'Hostage incident should serve as challenge to PNP'
- Mike Frialde () - August 31, 2010 - 12:00am

MANILA, Philippines – The police should take last week’s deadly hostage incident as a challenge and a learning experience rather than as an embarrassment, according to a recipient of the Country’s Outstanding Policemen in Service (COPS) award.

“Let us view it as a challenge, that it should not happen again. There are positive lessons to be learned here. It is not exactly an eye-opener but it is more of a challenge for us officers,” Superintendent Leo Francisco told The STAR.

A clumsy police response was widely believed to have led to the killing of eight Hong Kong tourists who were held hostage by dismissed police officer Rolando Mendoza in a bus in Rizal Park last Aug. 23.

Francisco, who is with the Philippine National Police (PNP) Directorate for Integrated Police Operations (DIPO)-Northern Luzon, is one of the10 recipients of the 2010 COPS award for his service as head of the Regional Police Intelligence and Operations Unit of the National Capital Region Police Office (NCRPO).

Francisco said that the hostage taking incident should not cloud the PNP’s major accomplishments.

Francisco was cited for his role in paving the way for the prosecution of suspects in the Ruby Rose Barrameda murder case and in busting the Alvin Padilla carjacking ring.

Francisco credited the success of his unit to its close interaction with the community.

“The members of the community should be the policeman’s partners.

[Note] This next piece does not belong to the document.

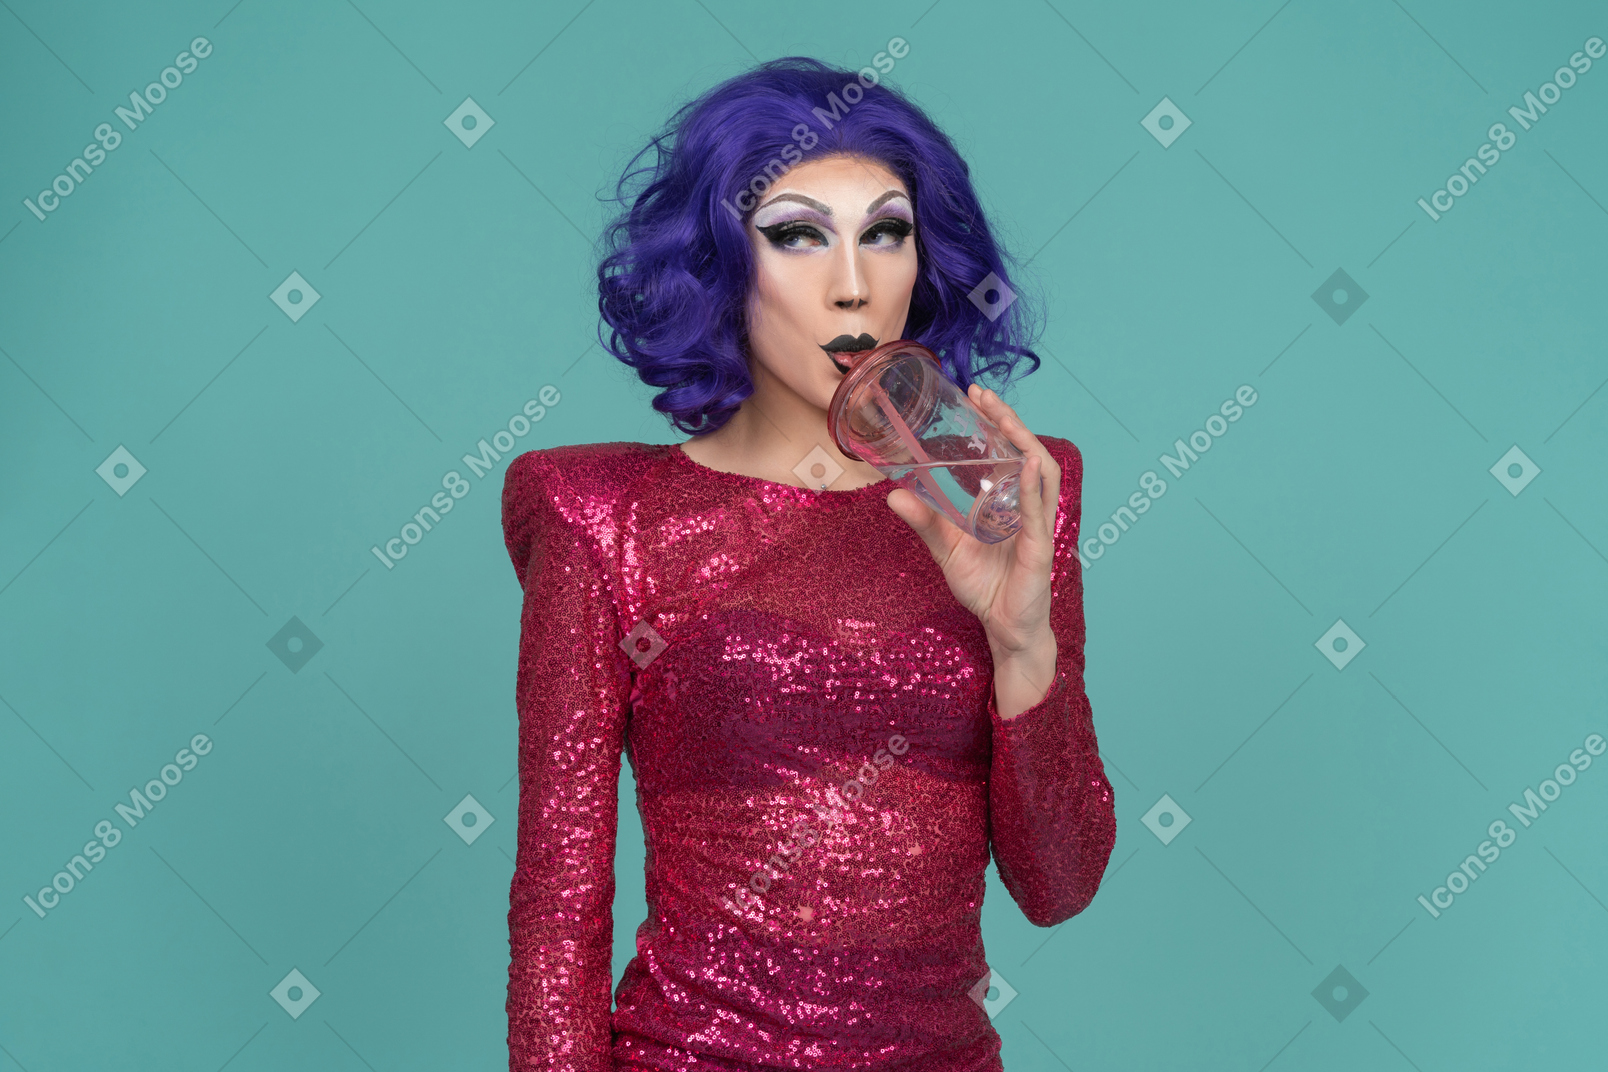 Drag queen in abito rosa con paillettes che guarda di traverso mentre beve un drink

The fight against crime should involve community participation,” he said.

Francisco said the value of community involvement became more apparent to him during his stint as head of the Intelligence Division of the Manila Police Department.

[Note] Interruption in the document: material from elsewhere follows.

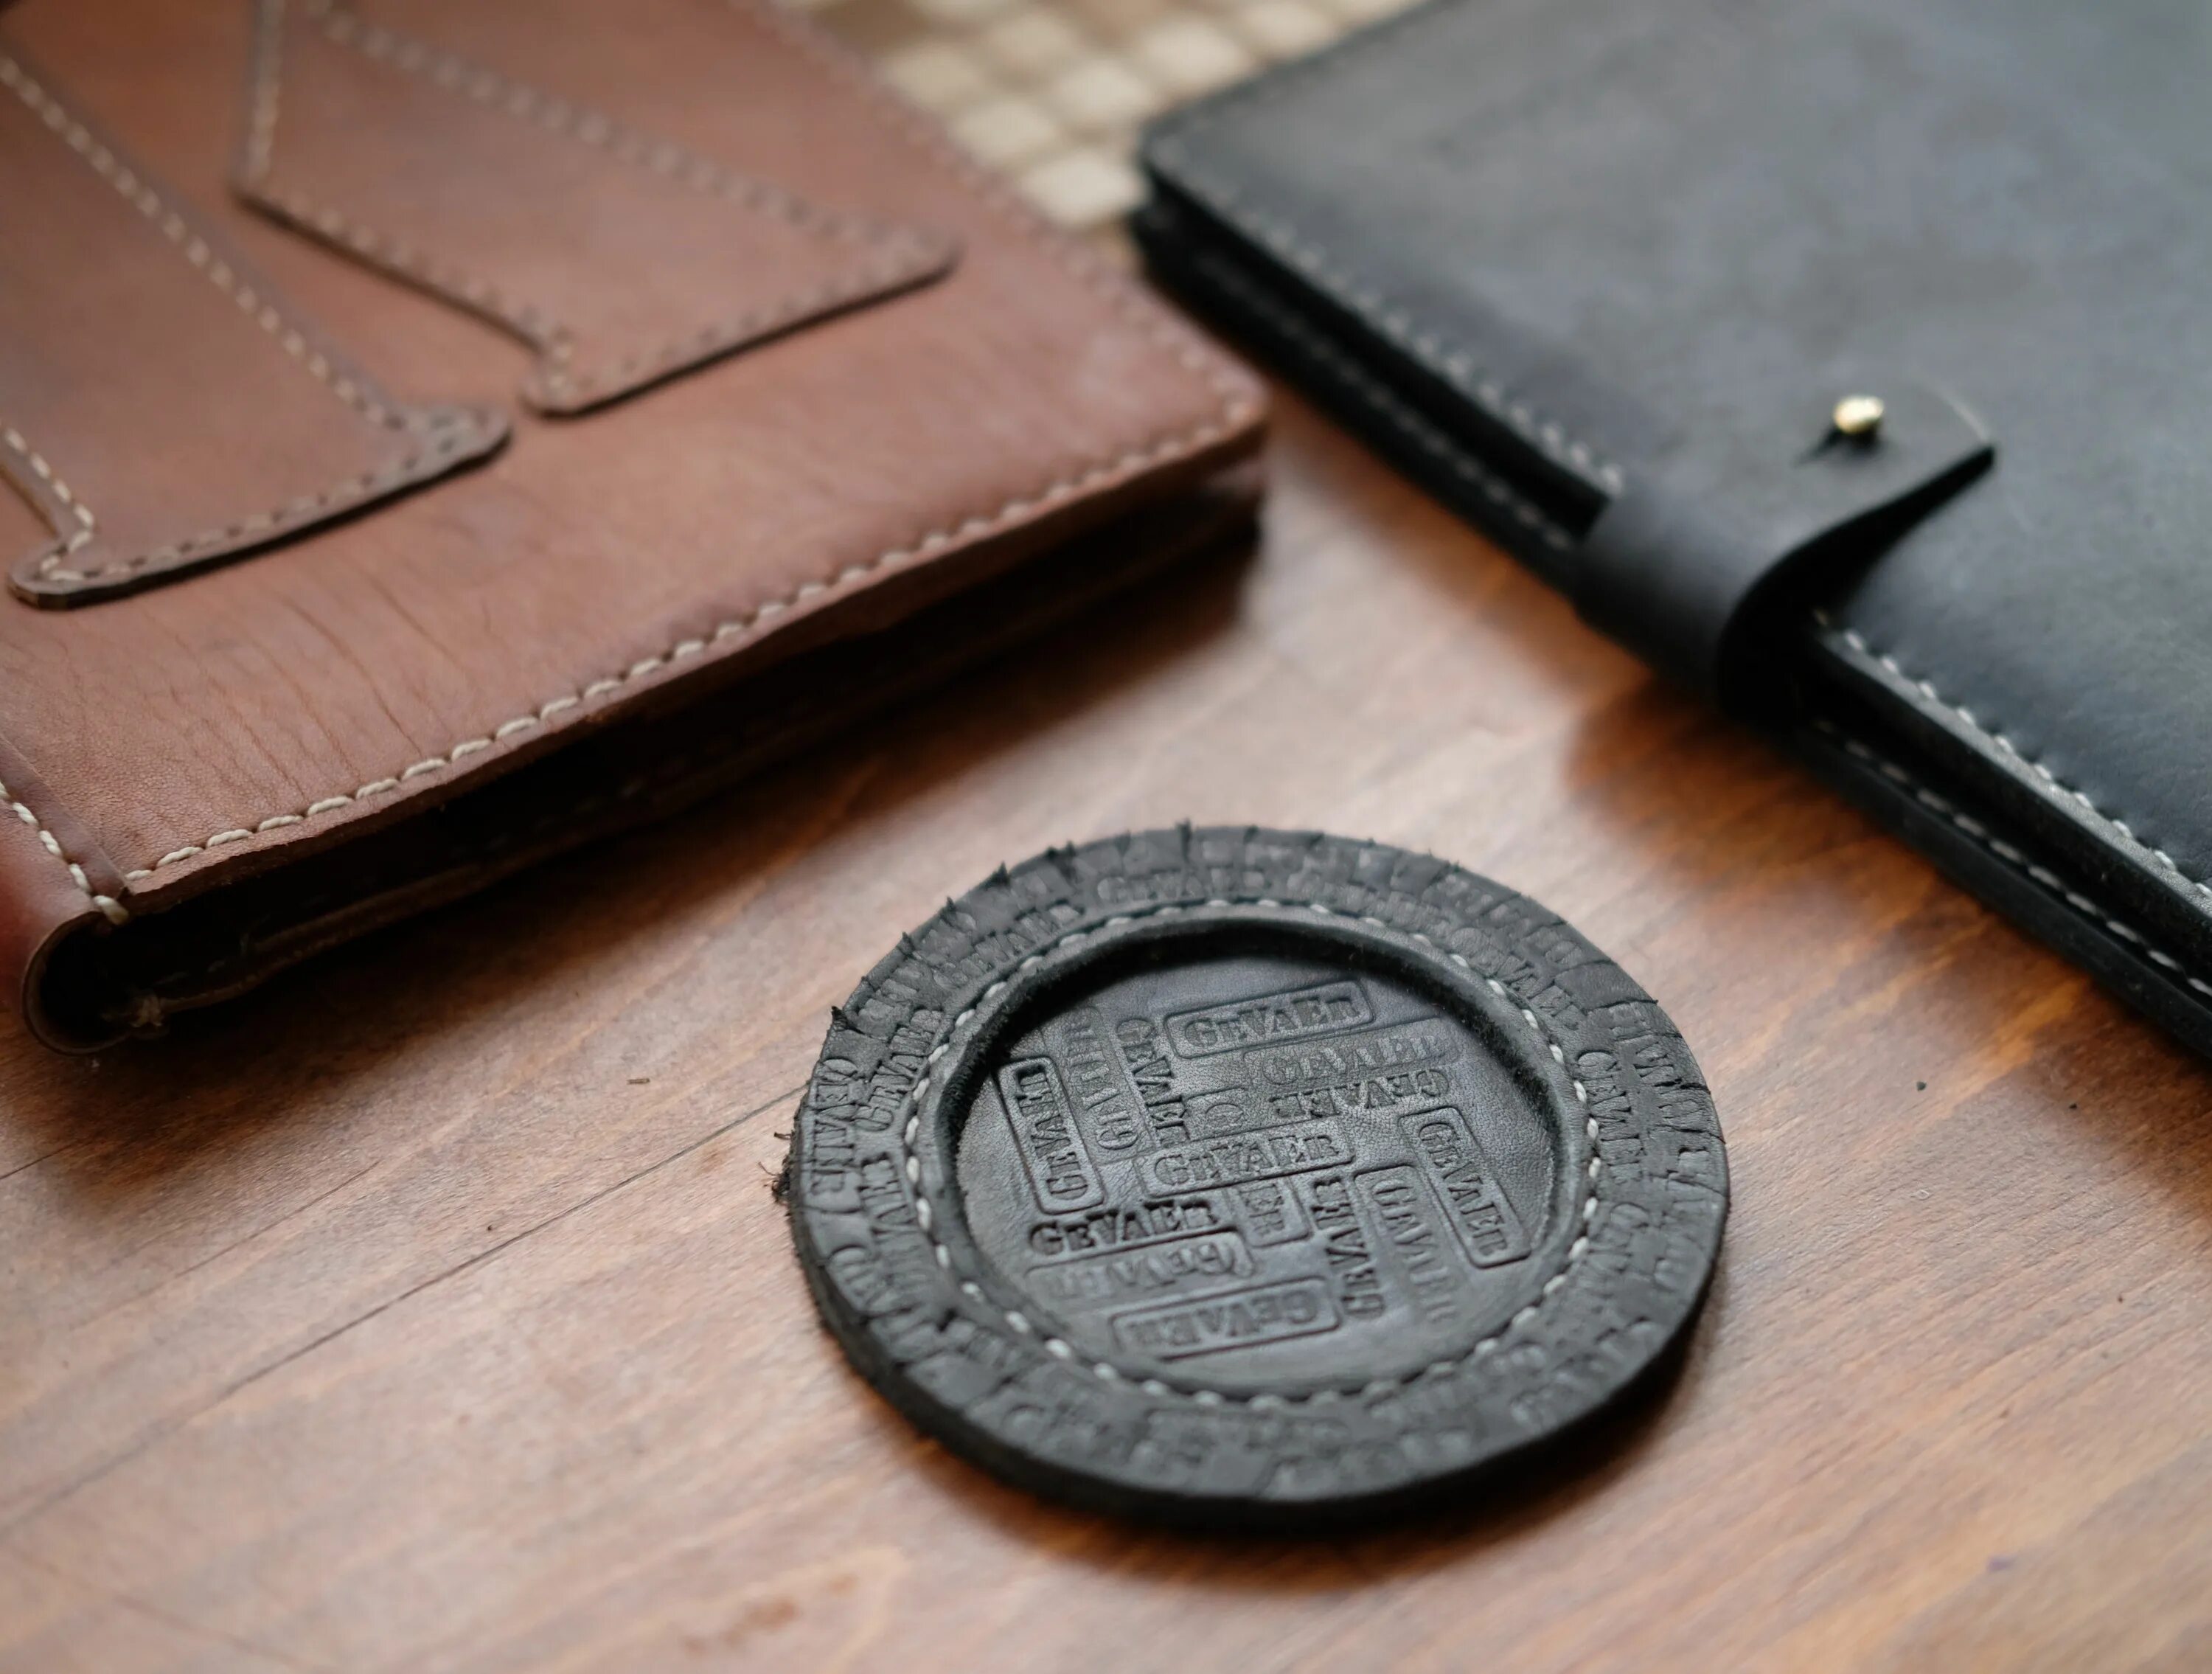 Логотип bespoke Leather. Leather goods produce. First Leather goods. Leather goods

He said the Manila Police has made it a point to conduct regular dialogs with student groups since the city is host to the university belt.

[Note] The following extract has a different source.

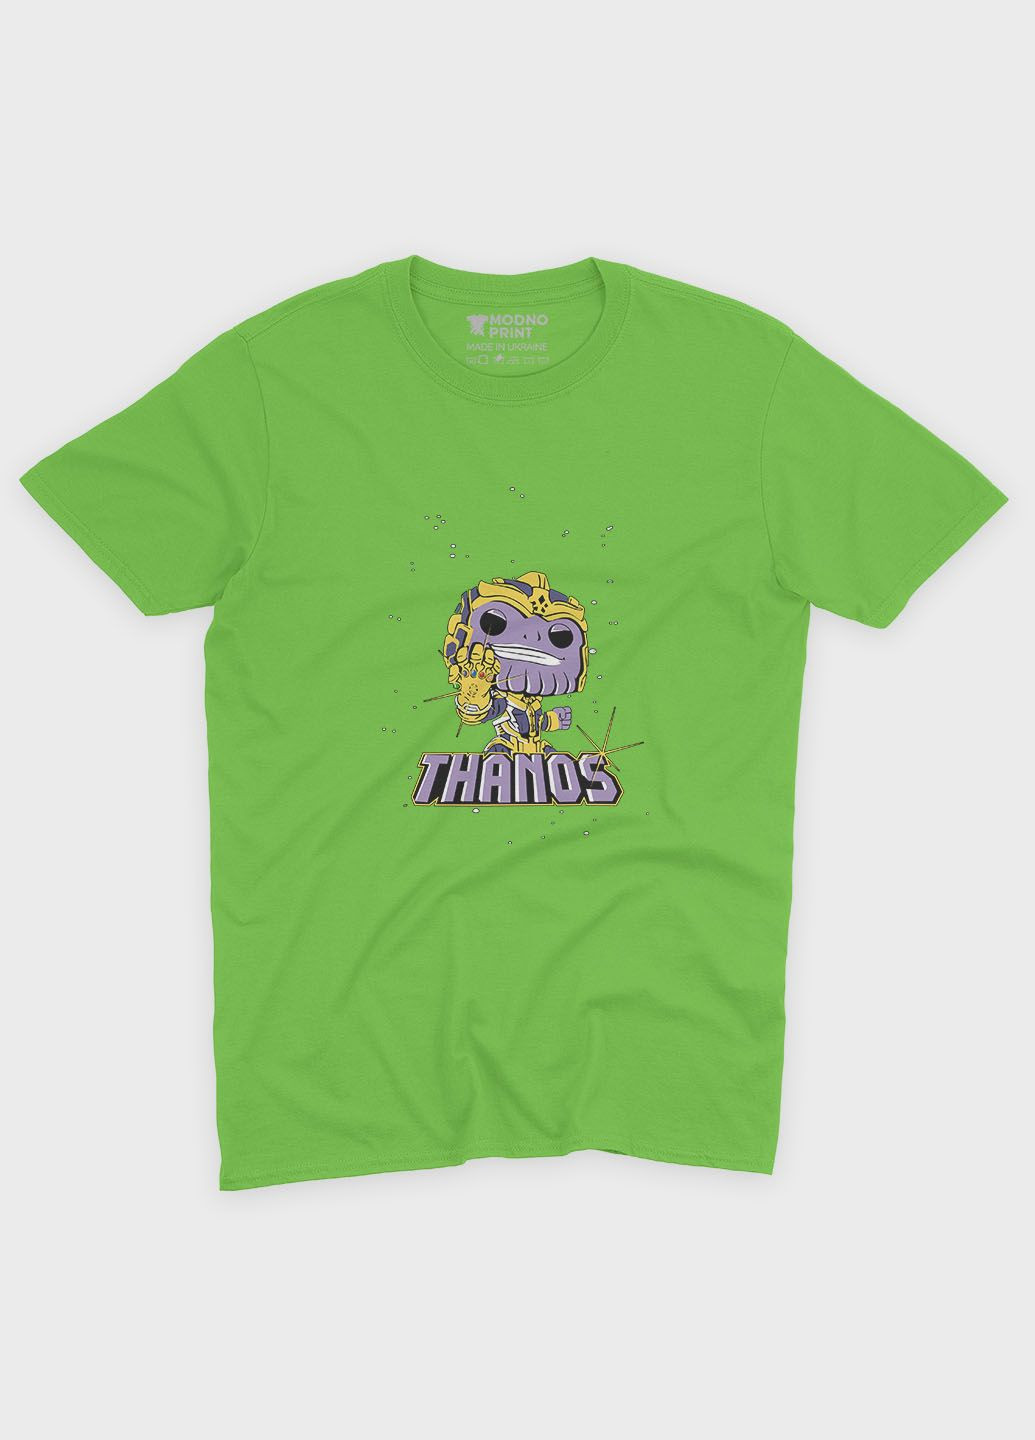 Салатова демісезонна футболка для хлопчика з принтом супезлодія - танос (ts001-1-kiw-006-019-007-b) Modno

Francisco added that information sharing at the barangay level has also proved useful in monitoring the security of the Pandacan oil depot.

“We have radio groups at the barangay level which assist the police in monitoring the security situation across the city,” he said.

“There is always a continuous exchange of information,” he added.

The COPS award, established in 2003, is a joint undertaking of the Metrobank Foundation and the Rotary Club of Manila East.

Aside from Francisco, other recipients of this year’s COPS award are Superintendent Florencio Ortilla of Davao City; Superintendent Noel Ponsaran of Davao City; Superintendent Sidney Villaflor of San Jose City, Nueva Ecija; Police Officer 3 Edilberto Euraoba III of Sibulan, Negros Oriental; Police Officer 3 Shella Mae Sangrines of Iloilo City; Police Officer 3 Zoraida Aripin of Zamboanga City; Police Officer 3 Joey Castillon of Tobias Fornier, Antique; Senior Police Officer 2 Hermie Raymundo of Lingayen, Pangasinan; and Police Officer 3 Roel Paclibar of Tacurong City, Sultan Kudarat.           

Each awardee receives a cash prize of P250,000 and a trophy.

The awardees are chosen from among some 100 nominees.

The 10 awardees have gone through a rigorous screening process involving panel interviews and documents evaluation.

Justice Secretary Leila de Lima and Supreme Court Associate Justice Mariano del Castillo co-chaired the panel of judges.

Panel members were Dr. Jose Ma. Arsenio Mariano, president of the University of Asia and the Pacific; Eusebio Tan, president of the Management Association of the Philippines; Jose Tale, chairman of the Couples for Christ; Paul Schafer, resident representative of the Hanns Seidel Foundation; and Joel Reyes Zobel, a broadcast journalist from “Super Radyo” DzBB of GMA Network.